I also think you had a legitimate problem with the first therapist that your X conned that you were the “problem”—the thing is though, like the old joke about doctors “What do you call the doctor who finished LAST IN HIS MEDICAL SCHOOL CLASS????? Well, DUH??? DOCTOR! Same thing with the PhDs in psychology and social work. I’ve seen my share of IDIJUTS who had a PhD in psychology (or______ fill in the blank) and didn’t know their arse from second base. Some times PhD means PILED HIGHER AND DEEPER….but the thing is a good, smart psychopath can con just about anyone, even someone who knows what they are.
Or as Abraham Lincoln said “you can fool all of the people some of the time, and some of the people all of the time, but you can’t fool All of the people all of the time….” but a few psychopaths can fool a LOT OF PEOPLE MUCH OF THE TIME.
Dear Rush,
Welcome to my world! I also have a P offspring that when he was 15-16 had therapists, relatives and others fooled into thinking he was the poooorr abused child….he is now iin prison since age 20 for MURDER, but he is STILL Fooling my egg donor and a few others into feeling sorry for the poor baby. I no longer feel sorry for him, I have freed the umbilical cord from my brain and am no longer attached to the malignant “Rosemary’s baby” that I gave birth to. It was a struggle, because when you give birth to a child you love them, but when they mature into Rosemary’s Baby it is difficult to see that they are no longer what you loved and cared for, they are STRANGERS.
Welcome….and God bless.
Dear Oxy,
I informed my attorney today about son’s therapist and we’ll see what happens. This therapist called me back before but spath was pretty comfortable in the office last visit so I think the two of them had a nice little chat. Spath shook the therpists hand and thanked him up and down. Spath obviously thought that he had the advantage. He didn’t want son to go to therapy so it was odd that he was so at ease the last session.

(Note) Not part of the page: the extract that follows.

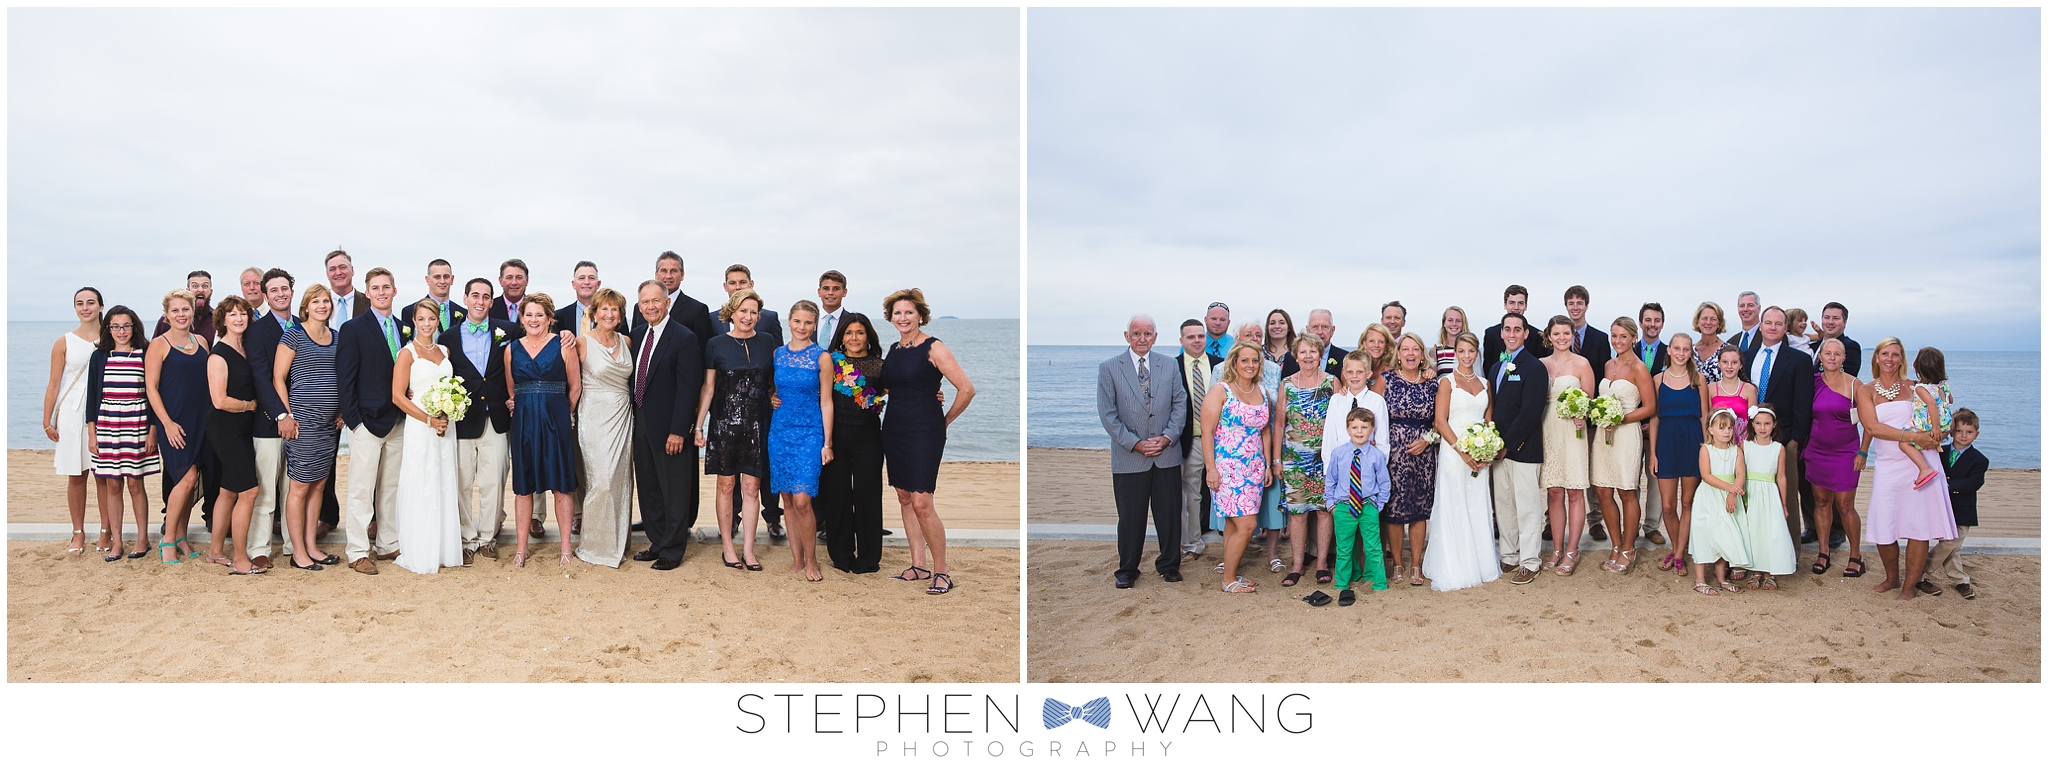 Stephen Wang Photography Madison Surf Club Wedding Photogrpahy CT Connecticut Shoreline Beach Summer Sunset -08-12_0017.jpg

The fact that spaths fool the supposed professionals irks me but I was fooled for a long time too. I call the phd a ‘poop head degree’ with this particular idijut.
Son has been on his best behavior, I wonder why?! I’ll know soon enough!
Well, Hope4Joy,
I don’t know if the therapy will do any “good” or not, but I am glad that you at least tried….the problem seems to be that X has conned the therapist and has told the son to be on his “best behavior” so that very soon here the therapy can be declared a “success” and STOP….I think I can “see” Daddy-o telling junior, “look if you will just cool it for a little while and be a good boy for your crazy mama, then we can get this therapist to say YOU and I are not the problems and we can quit the therapy.” DOES THAT SOUND LIKE WHAT YOU THINK HAPPENED? LOL ROTFLMAO
Dear Oxy,
We actually finished therapy because son didn’t really open up and the therapist said that he did not want to make it a bad experience by forcing son to go, so we stopped after 3 sessions.
The therapist said that son could come back anytime, that door would stay open. Just heard from my attorney telling me that I should write him a letter letting him know that I want to schedule a meeting with him to talk about son.